Astronomy and Astrophysics – Astronomy
Scientific paper
May 1996
adsabs.harvard.edu/cgi-bin/nph-data_query?bibcode=1996apj...462.1026a&link_type=abstract
Astrophysical Journal v.462, p.1026
Astronomy and Astrophysics
Astronomy
108
Infrared: Ism: Continuum, Ism: Dust, Extinction, Methods: Laboratory
Scientific paper
Absorption spectra of crystalline enstatite and forsterite grains and amorphous silicate grains synthesized by sol-gel reaction (size 0.1-1 μm) are measured between 0.7 and 2.9 mm wavelength (3.5-15 cm-1) at temperatures between 1.2 and 30 K. Some of the amorphous powders are precursors to forsterite (Mg2SiO4) and enstatite (MgSiO3). For the amorphous substances MgO SiO2, 2MgO SiO2, and MgO 2SiO2 at 20 K, the millimeter-wave mass opacity coefficients are found to be up to factors of 0.9, 3.5, and 11 times the Draine & Lee values usually adopted for interstellar silicate grains. The measured coefficients are found to depend on the powder production technique. Enstatite (MgSiO3) is part of pyroxene [(Mg, Fe)SiO3] and forsterite (Mg2SiO4) is part of olivine [(Mg, Fe)2SiO4], both of which are thought to be principal constituents of interstellar dust particles. The frequency dependence of the absorption coefficient follows a power law with a temperature-dependent exponent for all three amorphous silicates.
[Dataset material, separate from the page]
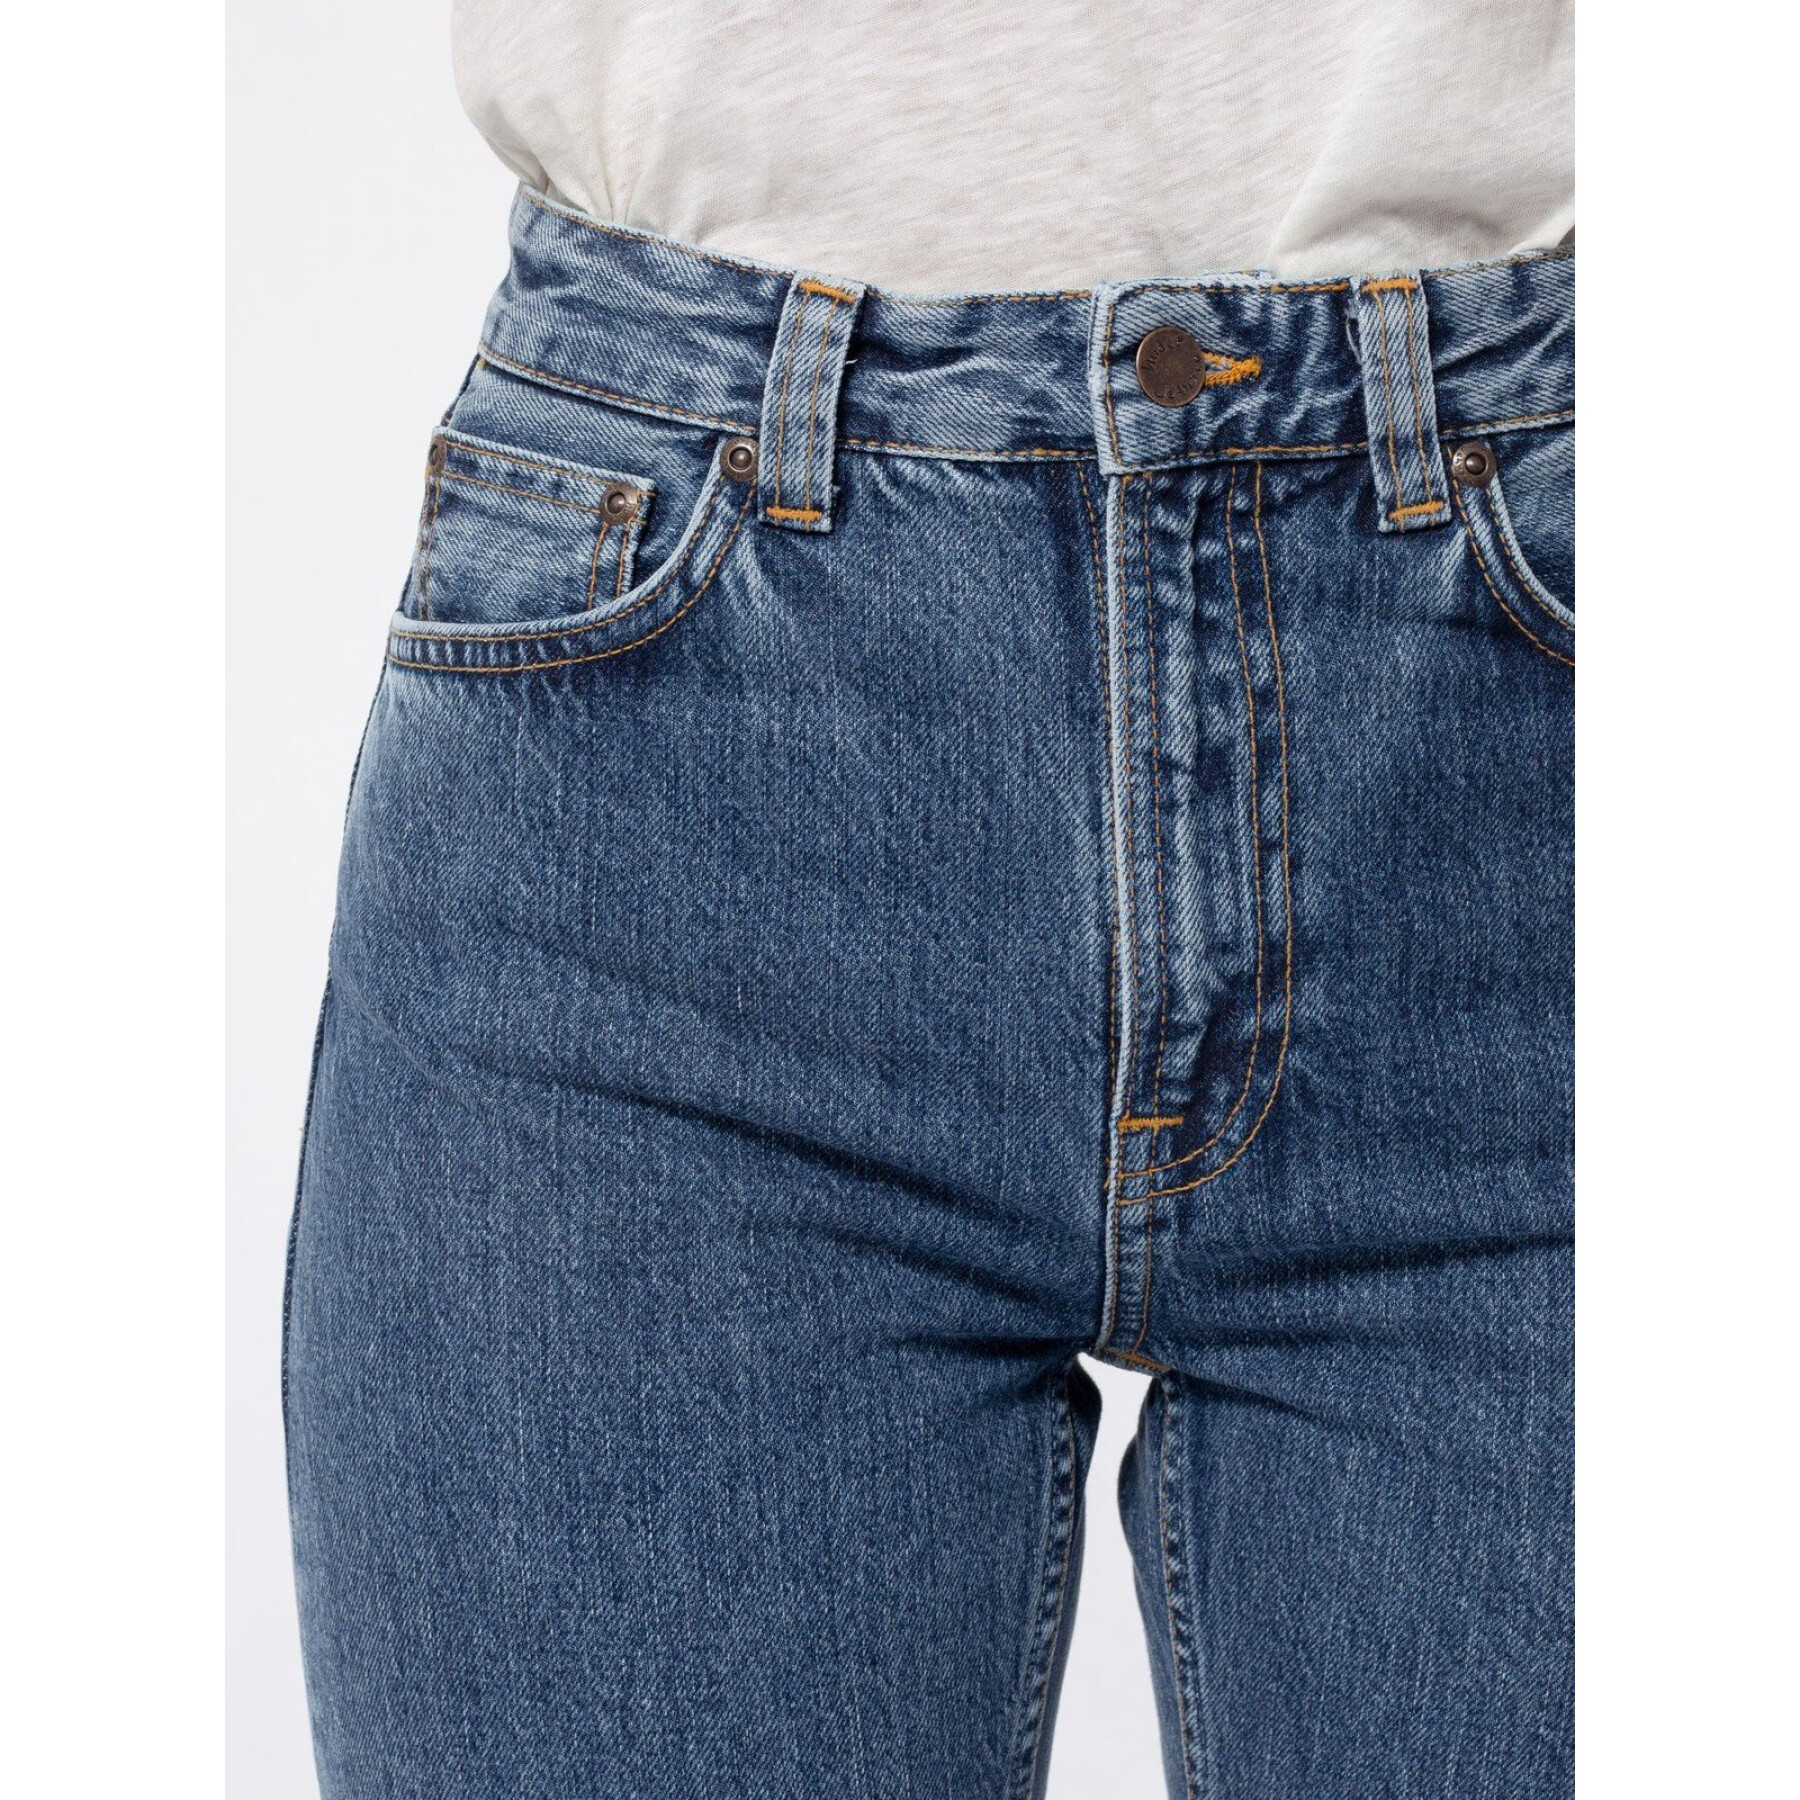 Women's jeans Nudie Jeans Breezy Britt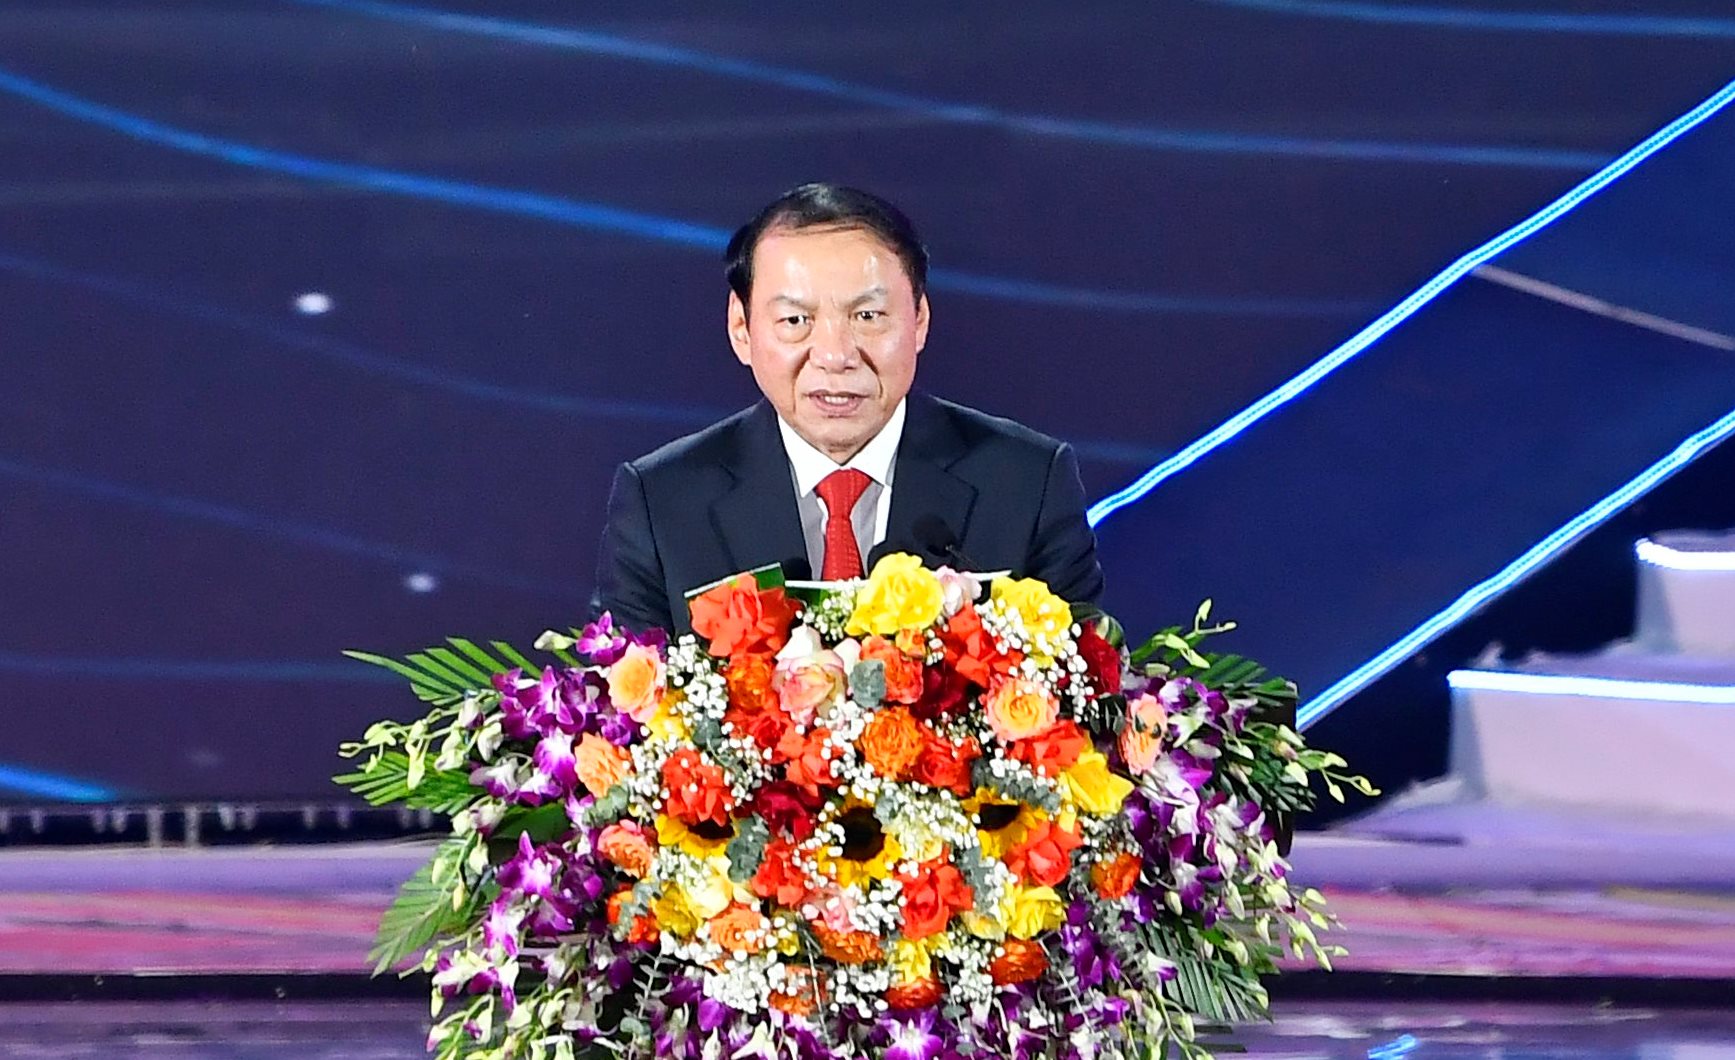 Bộ trưởng Bộ Văn hóa, Thể thao và Du lịch Nguyễn Văn Hùng phát biểu tại lễ khai mạc

Depending on the precise temperature, the power-law exponent ranges between a minimum value of 1.5 and a maximum of 2.5 for 2MgO SiO2 and MgO SiO2. At 20 K the index value is about 2. For the strongest absorber MgO 2SiO2, the power-law index has nearly a constant value of 1.2 over the entire temperature range; this value is significantly smaller than 2, the value normally adopted for interstellar dust. The frequency-dependent absorption coefficients per unit mass for Mg2SiO4 and MgSiO3 are about 4 times larger for the amorphous precursor grains than for the crystalline ones. The millimeter-wave absorption coefficient for amorphous grains first decreases with increasing temperature until about 20 K and then increases at higher temperatures. This unusual temperature-dependent property forms a significant part of the overall absorption at long wavelengths: the relative change is as large as 50% at 1 mm wavelength for 2MgO SiO2, 35% for MgO SiO2, and 14% for MgO 2SiO2. A weaker temperature-dependent change is observed for the crystalline forsterite and enstatite powders. The observed temperature dependence of the far-IR absorption coefficient in the powders is well described by a two-level population effect previously found for the ubiquitous low-lying tunnelling states in bulk glasses.
Agladze N. I.
Beckwith Steve V. W.
Burlitch J. M.
Jones Andrew S.
Sievers A. J.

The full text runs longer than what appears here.